--- DATASET EXCERPT ---
>>>>

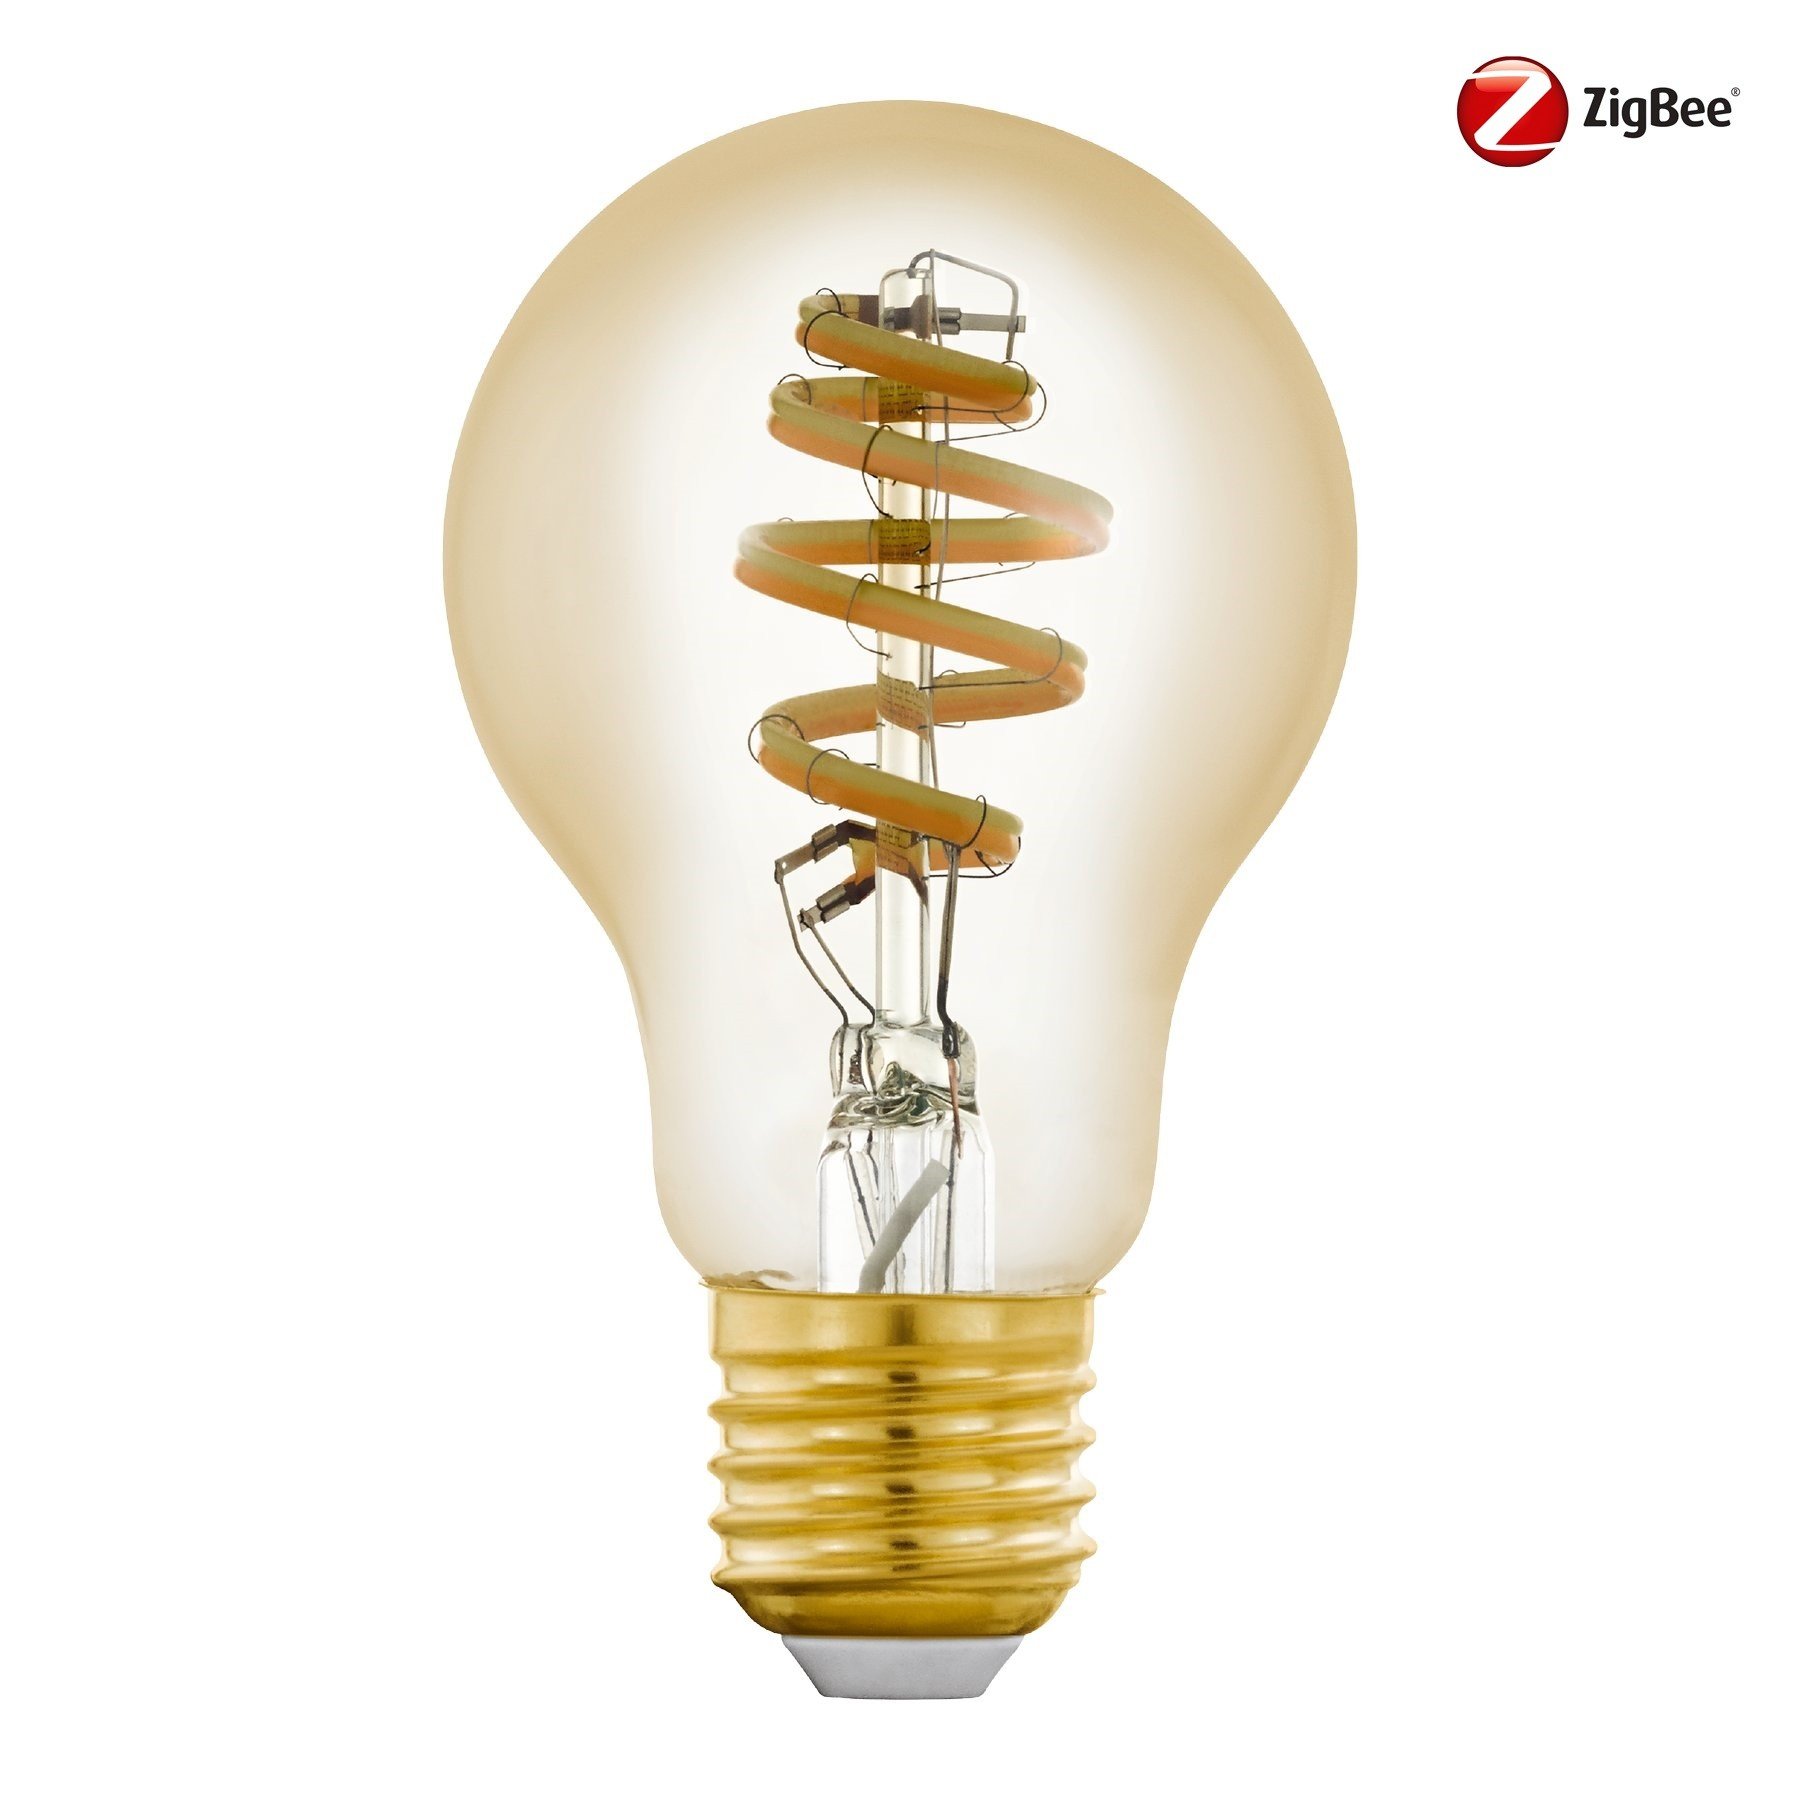 EGLO Connect-Z Zigbee Filament LED Lamp 6 Watt 400Lm A60 Lampenhuis
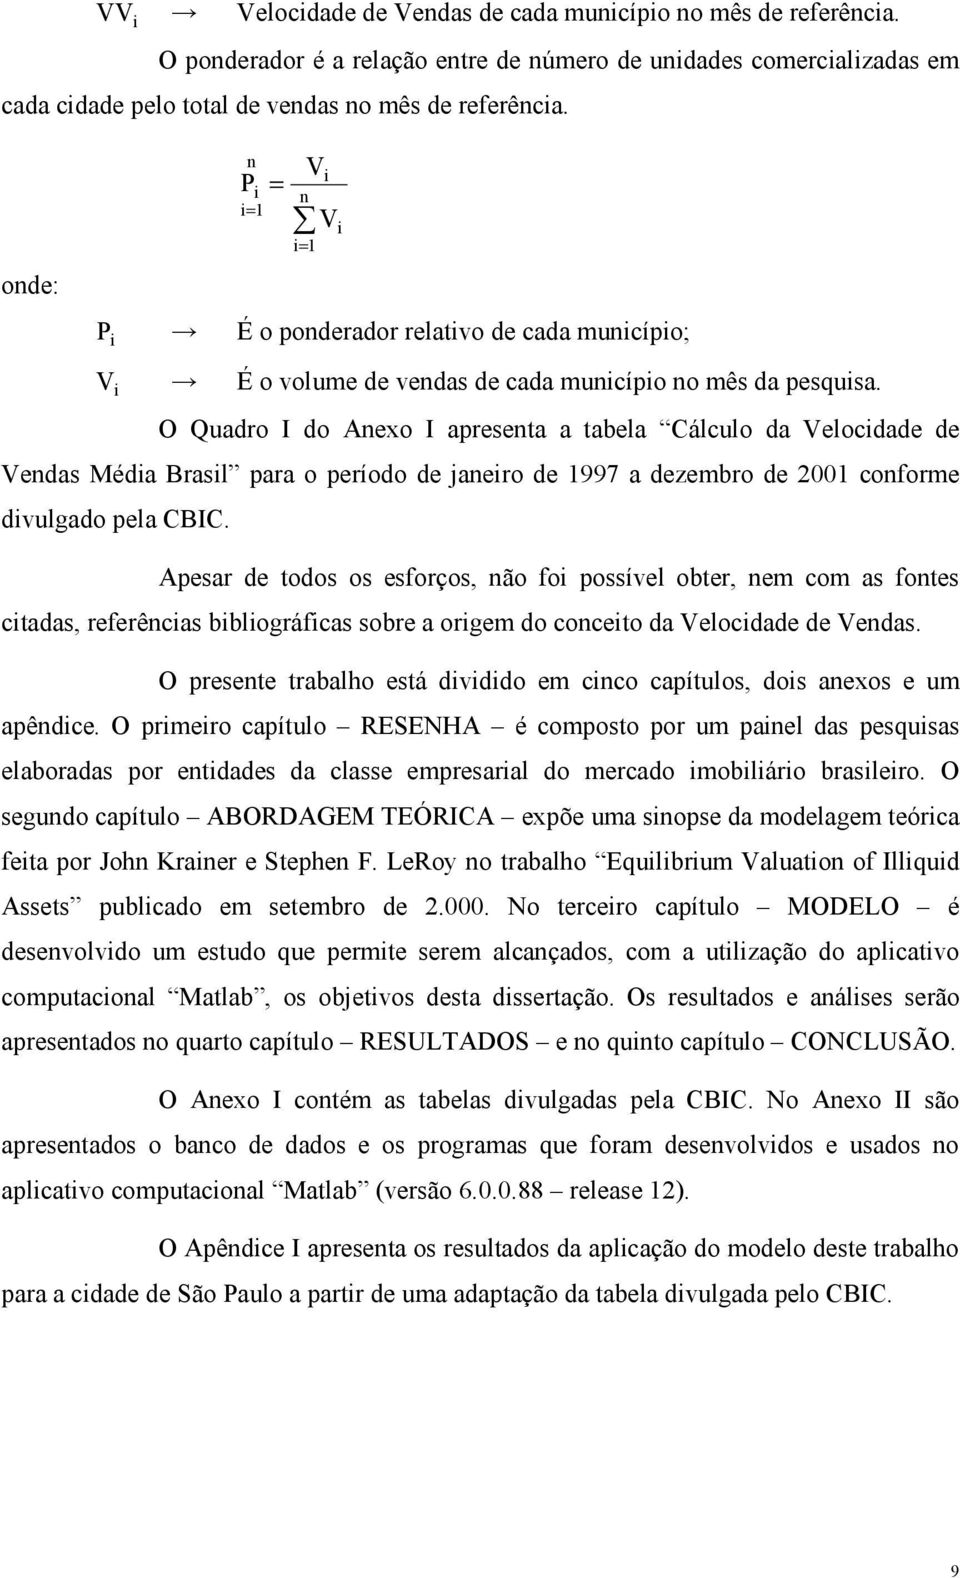 O Quadro I do Anexo I apresena a abela Cálculo da Velocidade de Vendas Média Brasil para o período de janeiro de 997 a dezembro de 200 conforme divulgado pela CBIC.
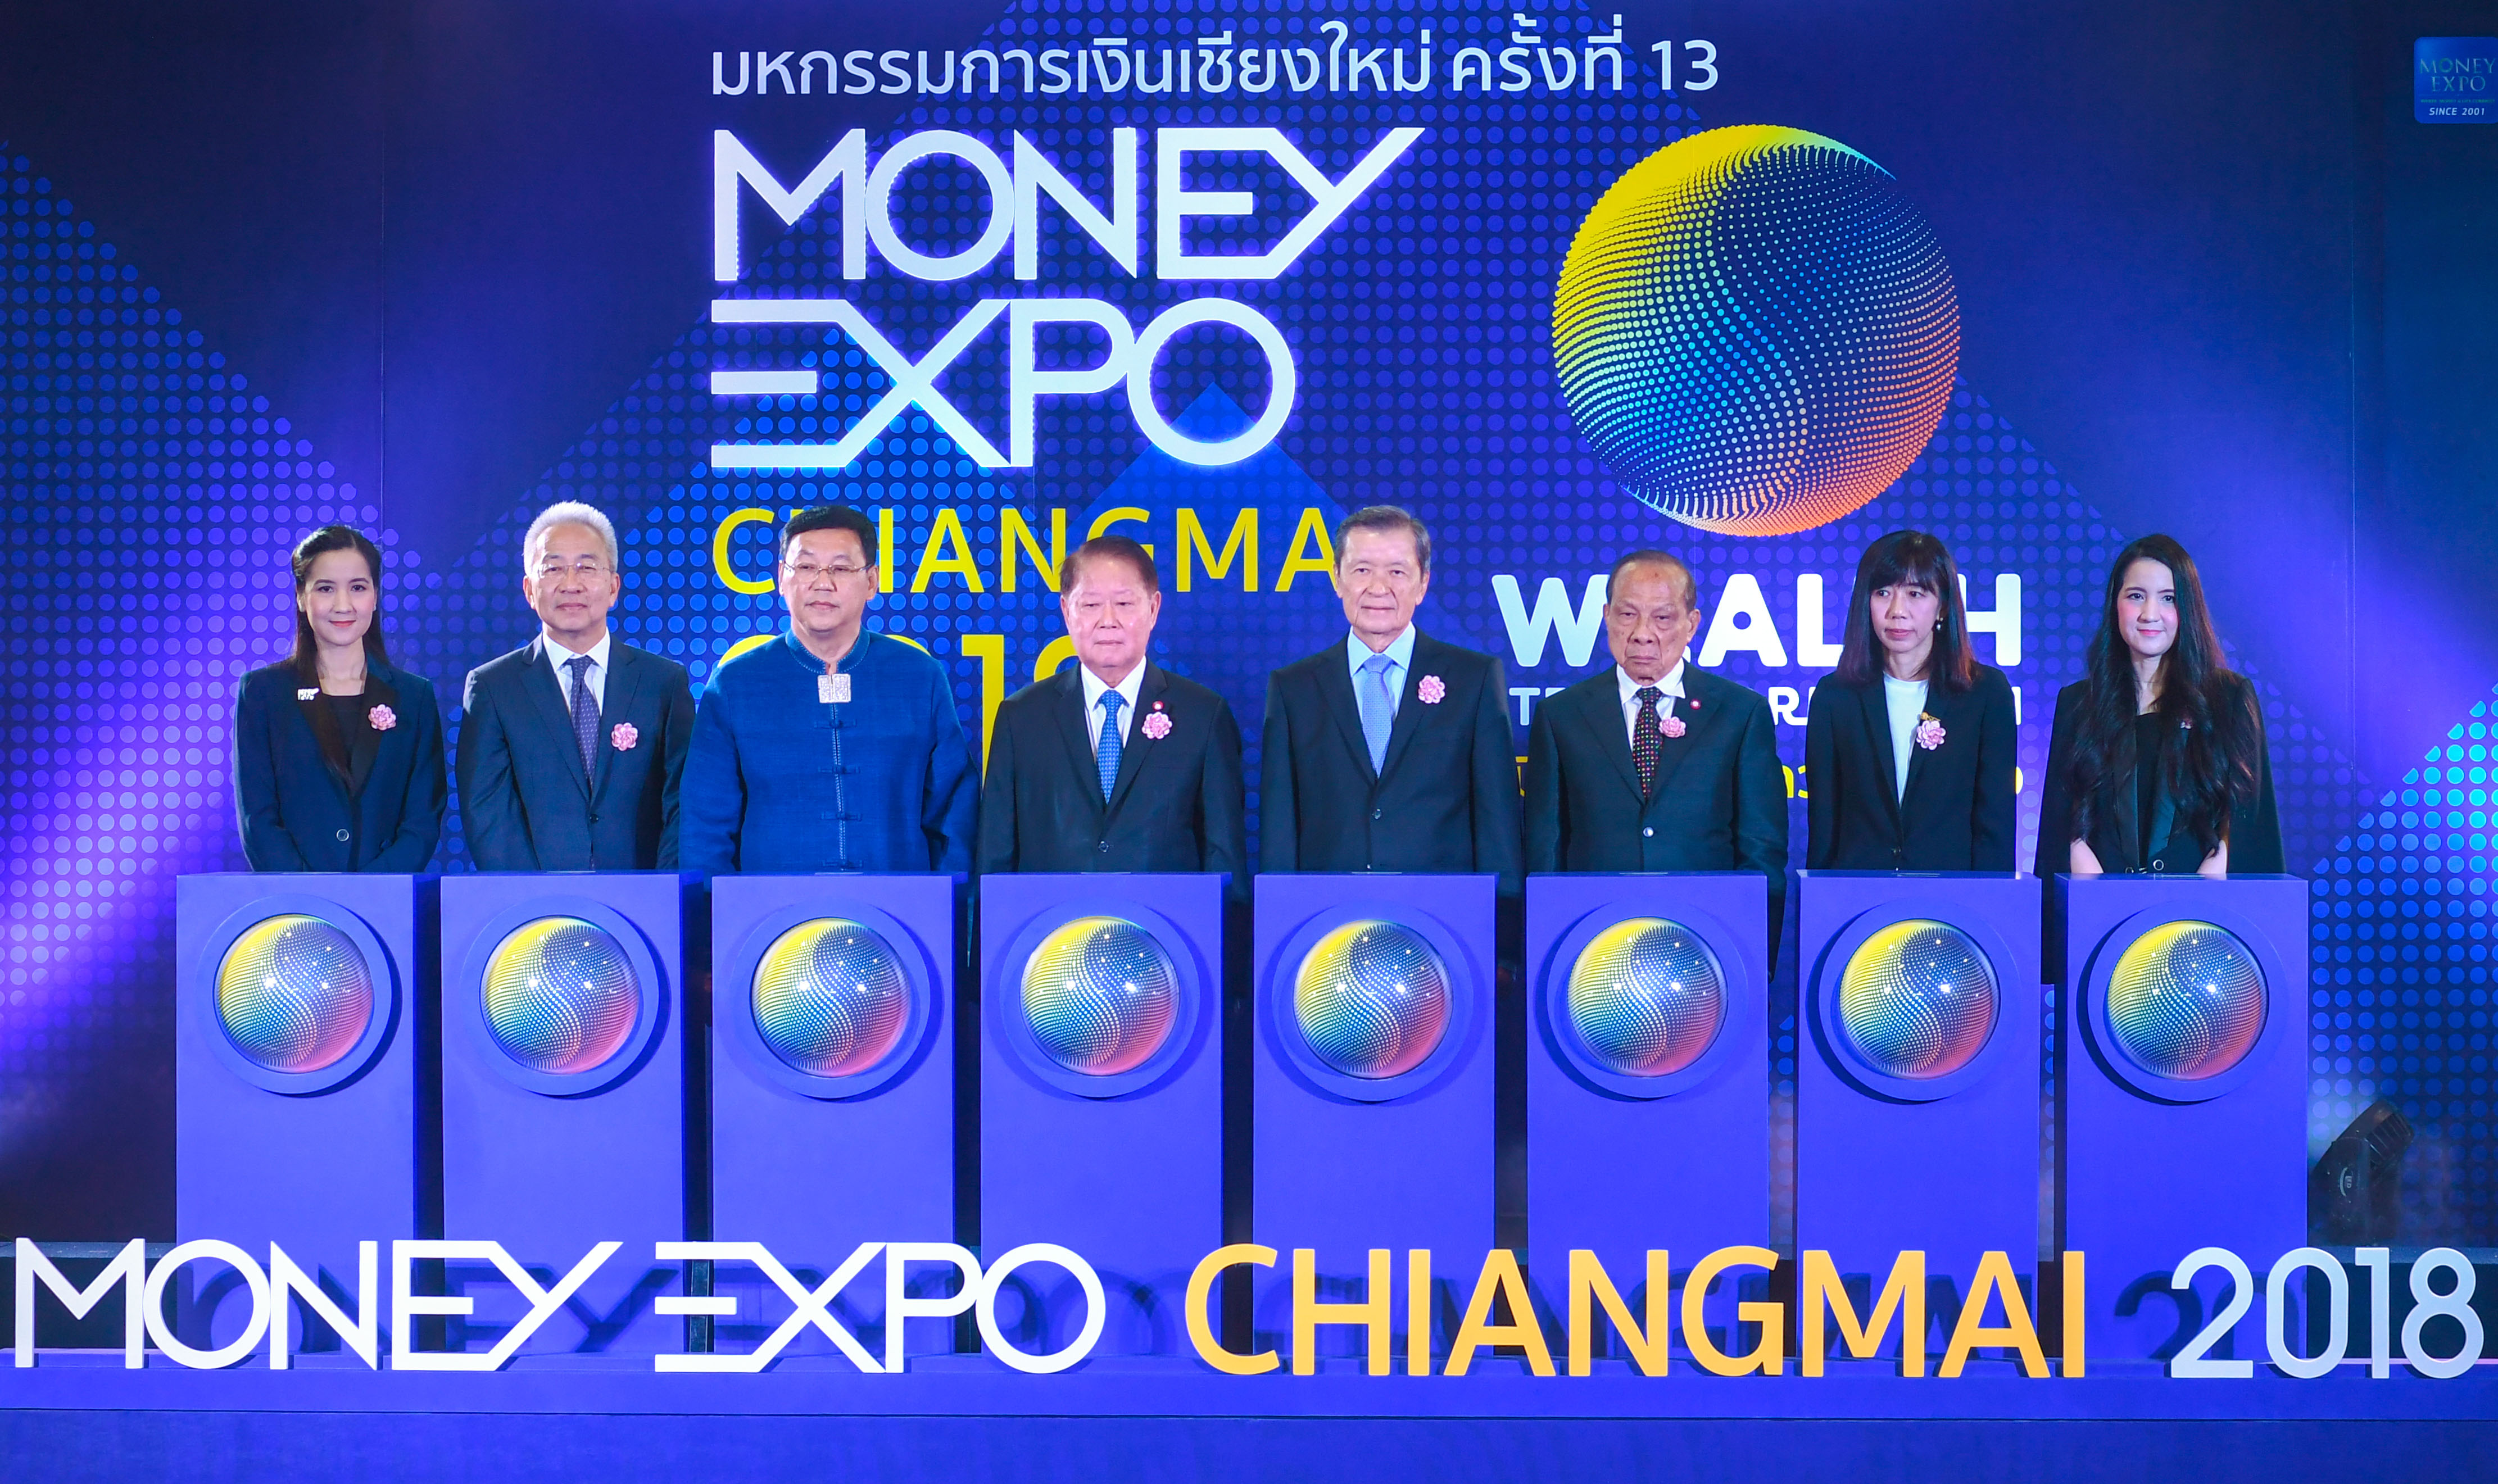 Money Expo Chiangmai 2018 เปิดงานยิ่งใหญ่ส่งท้ายปีทุ่มโปรโมชั่นดอกเบี้ยเงินกู้ 0% ชวนออมหุ้น-กองทุนสร้างเงินล้าน

<<<<

--- EXERCISE INSTRUCTIONS ---
The images are to be left out; every line above should be set down exactly.

--- EXERCISE SOLUTION ---
 EGLO Connect-Z Zigbee Filament LED Lamp 6 Watt 400Lm A60 Lampenhuis
 O Quadro I do Anexo I apresena a abela Cálculo da Velocidade de Vendas Média Brasil para o período de janeiro de 997 a dezembro de 200 conforme divulgado pela CBIC.
 Money Expo Chiangmai 2018 เปิดงานยิ่งใหญ่ส่งท้ายปีทุ่มโปรโมชั่นดอกเบี้ยเงินกู้ 0% ชวนออมหุ้น-กองทุนสร้างเงินล้าน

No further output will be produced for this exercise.